En el trabajo el jefe protesta porque los ladrones habían llegado en la noche y se habían robado las costosas tuberías de los edificios que estábamos limpiando. Nos puso en una fila como si estuviéramos en cuarto grado.
“Tiene que ser alguno de ustedes,” dijo sin ofrecer ninguna explicación. “Ustedes tienen un hueso en el cuerpo que los hace robarse las cosas.”
Por años las ventanas y las entradas estuvieron taponadas con bloques de concreto. No tanto para que los drogadictos no usaran estas paredes como galerias para inyectarse, sino más para que los ladrones no se llevaran los tubos metálicos y los costosos cables escondidos detrás de las paredes. Los dueños sabían que con el tiempo el vecindario se recuperaría y que de alguna forma ellos empezarían a reconstruir. Pero si se robaban las tuberías la renovación sería mucho más costosa.

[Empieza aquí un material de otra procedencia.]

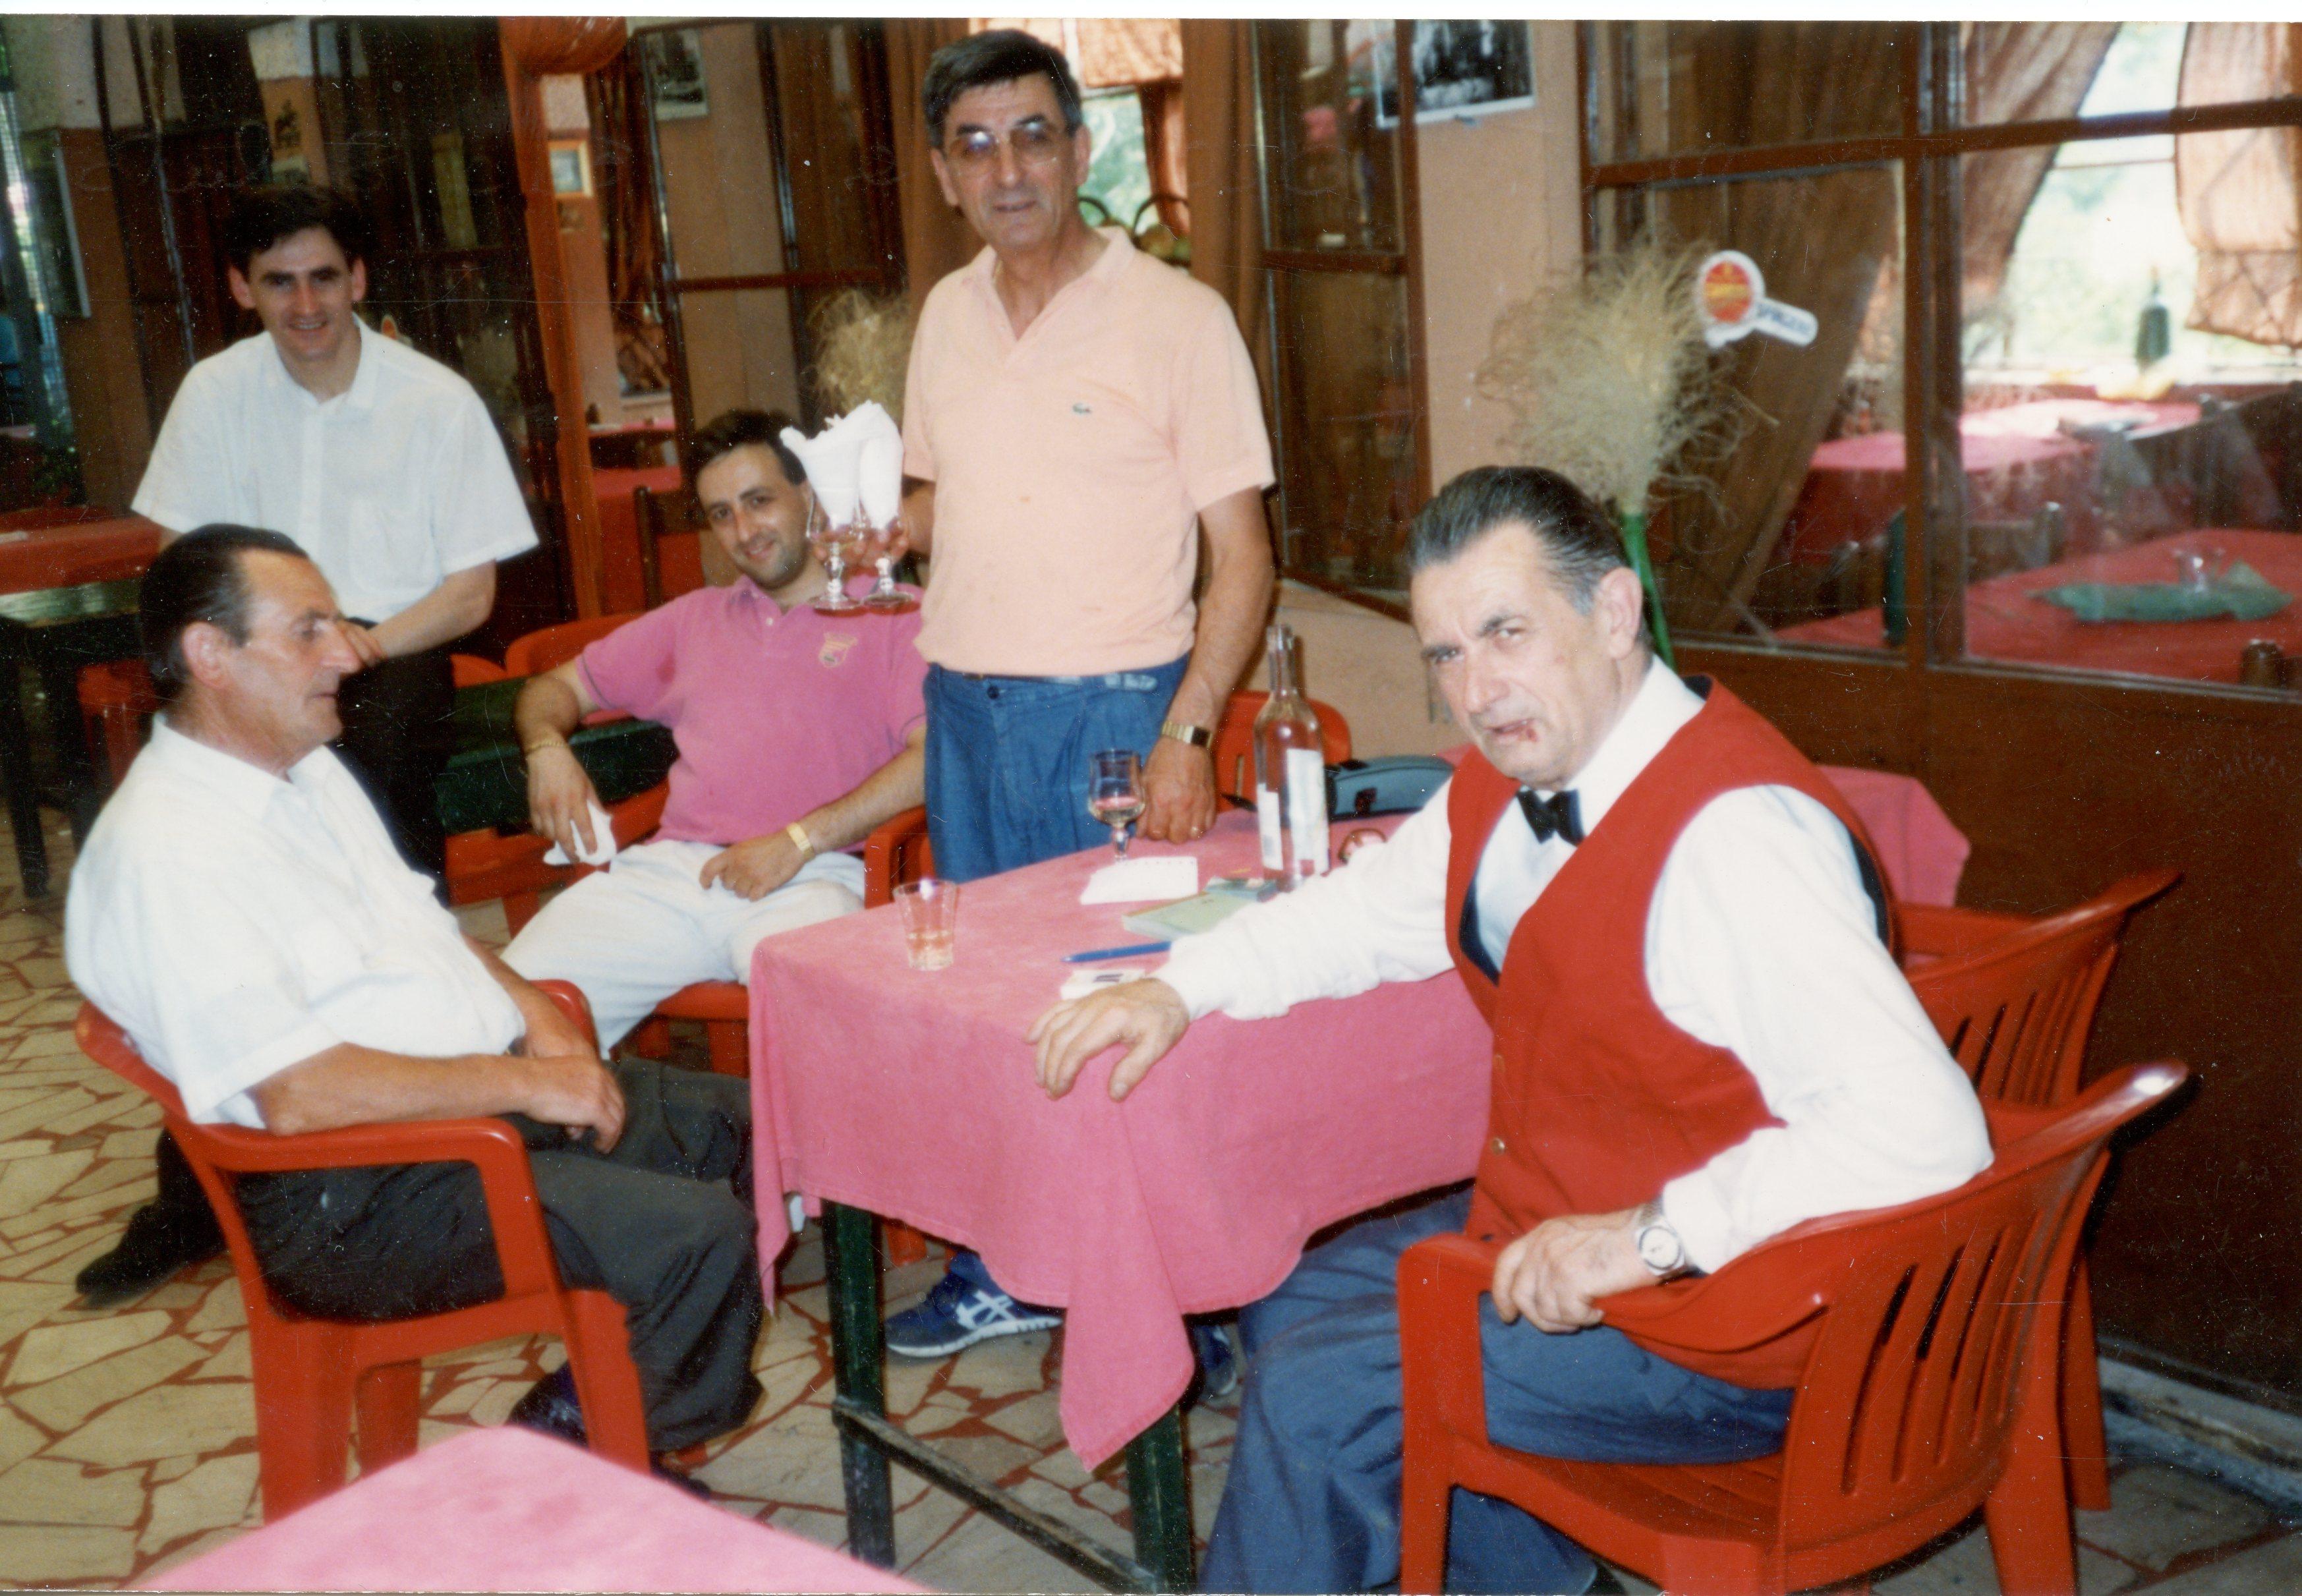 Roberto, Fabio, Franco, Angelo e Mario Fransesini

Mientras el capataz insiste sin parar en sus acusaciones, se me ocurrió algo.
Le pediría a Maritza que el diera un trabajo a Trompo Loco en su iglesia, algo como conseguir abrigos para los indigentes o algo por el estilo. Yo le pagaría a ella y ella le pagaría a Trompo Loco como si se tratara de un empleo de verdad. Trompo Loco nunca se enteraría. Si Maritza no lo podía hacer, tal vez Papelito sí, pero no quiero pedirle más cosas, pues ya me está ayudando bastante al afrontar la hipoteca en mi nombre.
“¿Quién de ustedes vino en la noche y se robó esas tuberías?”
Todos los obreros permanecen en silencio, mirando al piso. Mario sonríe desdeñosamente, asintiendo con la cabeza como si supiera quién fue. Pero ninguno le presta atención.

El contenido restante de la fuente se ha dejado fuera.